Purpose: This study aimed to investigate whether preoperative nutritional status and physical fitness after prehabilitation are associated with surgical outcomes, functional capacity, fatigue, and quality of life after esophagectomy.
Methods: This multicenter, observational cohort study included patients with esophageal cancer who underwent curative treatment and multimodal prehabilitation as part of standard care. Preoperative assessments included body mass index (BMI), risk of malnutrition, exercise capacity, handgrip strength (HGS), upper leg muscle function, physical activity level, and fatigue, after finishing prehabilitation. Differences in preoperative parameters between patients with and without postoperative overall or pulmonary complications were analyzed using independent samples t-tests. Associations between preoperative parameters and length of hospital stay, postoperative functional capacity, fatigue, and quality of life were examined using multivariable linear regression models.

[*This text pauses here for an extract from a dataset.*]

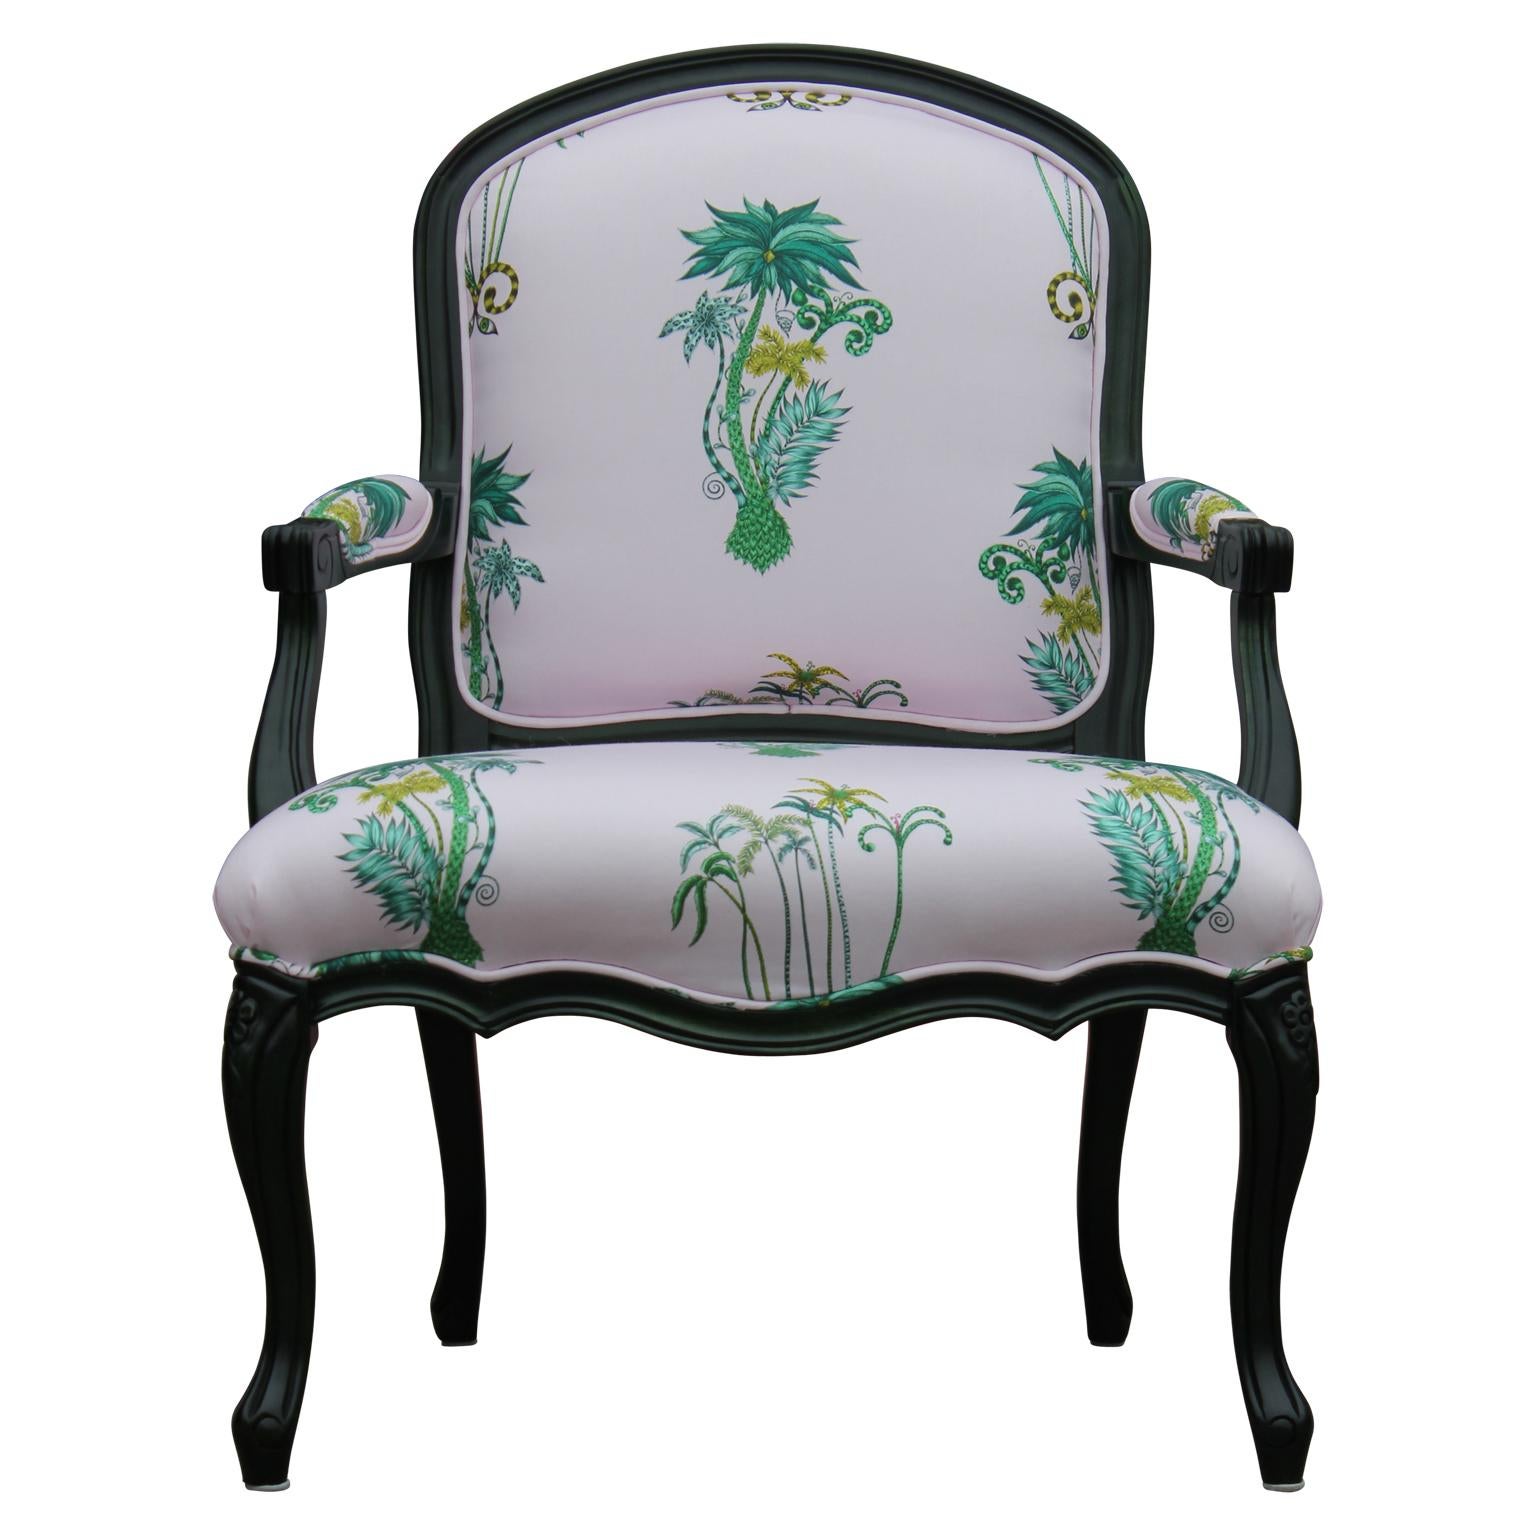 Beautiful Louis the XV style green dyed French armchair with custom pink tropical upholstery featuring a floral palm tree design.
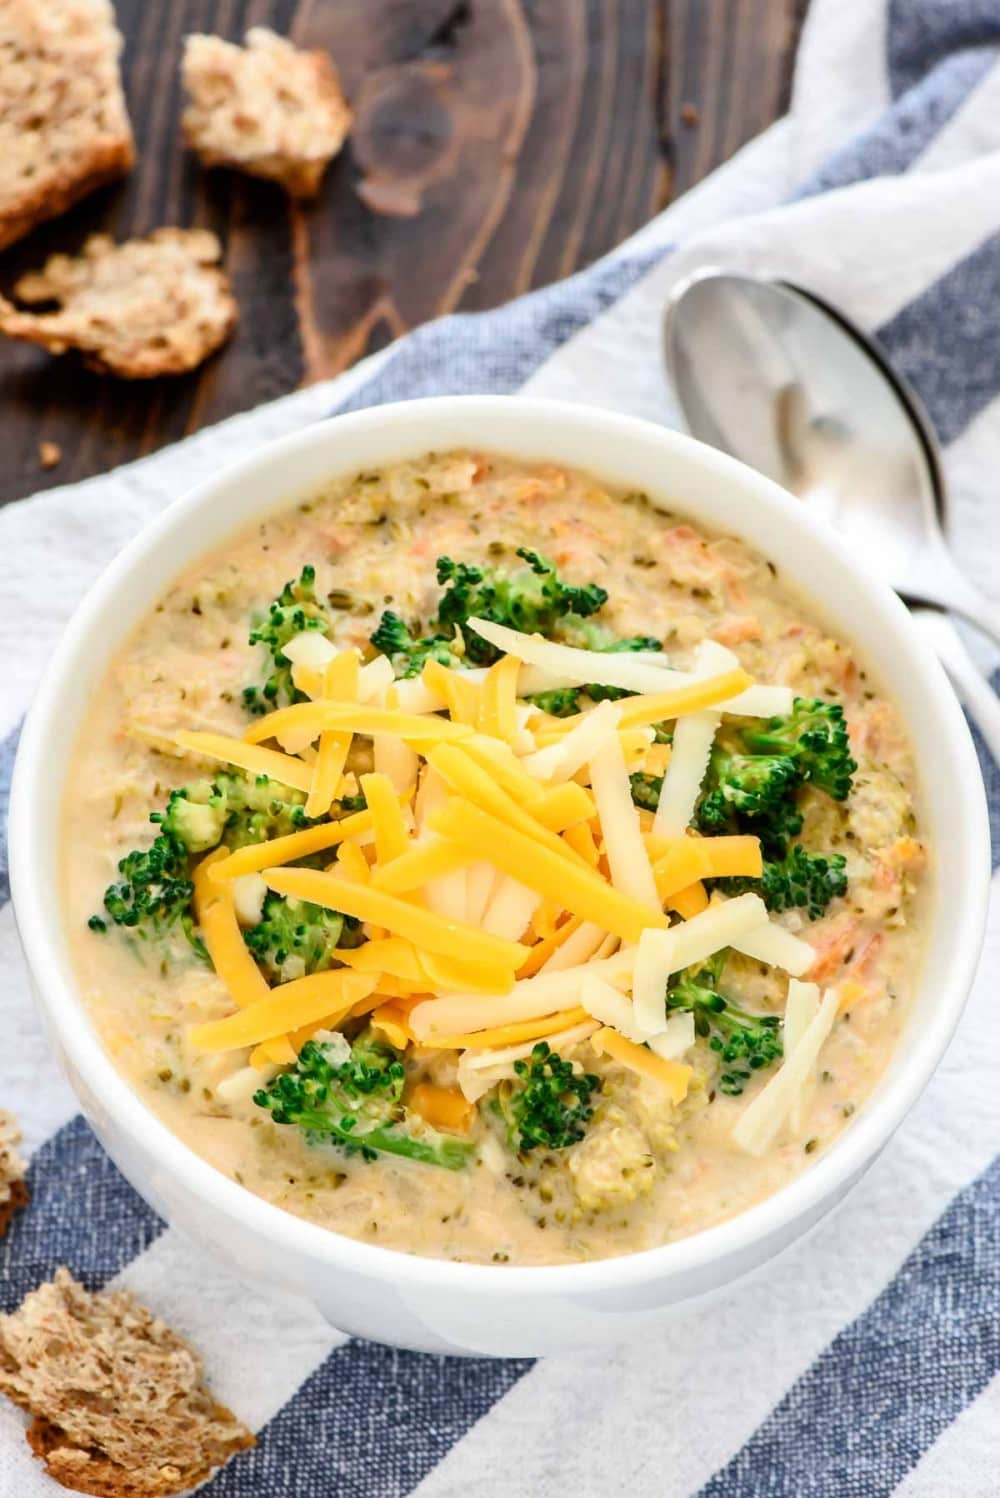 Slow Cooker Broccoli Cheese Soup from wellplated.com on foodiecrush.com

Results: A total of 168 patients were included in the study, with a mean age of 65.9 ± 8.6 years and 78.0% of the patients being male. A higher preoperative BMI was associated with more overall complications (P =.029). Better preoperative exercise capacity and upper leg muscle function were associated with less pulmonary complications (P <.045) and better postoperative functional capacity (P <.032). Less preoperative fatigue was associated with better postoperative functional capacity, quality of life, and less fatigue (P ≤.001). Risk of malnutrition, HGS, and physical activity level were not significantly associated with postoperative outcomes.
Conclusion: BMI, exercise capacity, upper leg muscle function, and fatigue seem to be important factors in the preoperative assessment before esophagectomy in terms of postoperative complications, postoperative functional capacity, fatigue, and quality of life. During prehabilitation, specific attention is needed for patients with a high BMI, low fitness level, and high fatigue.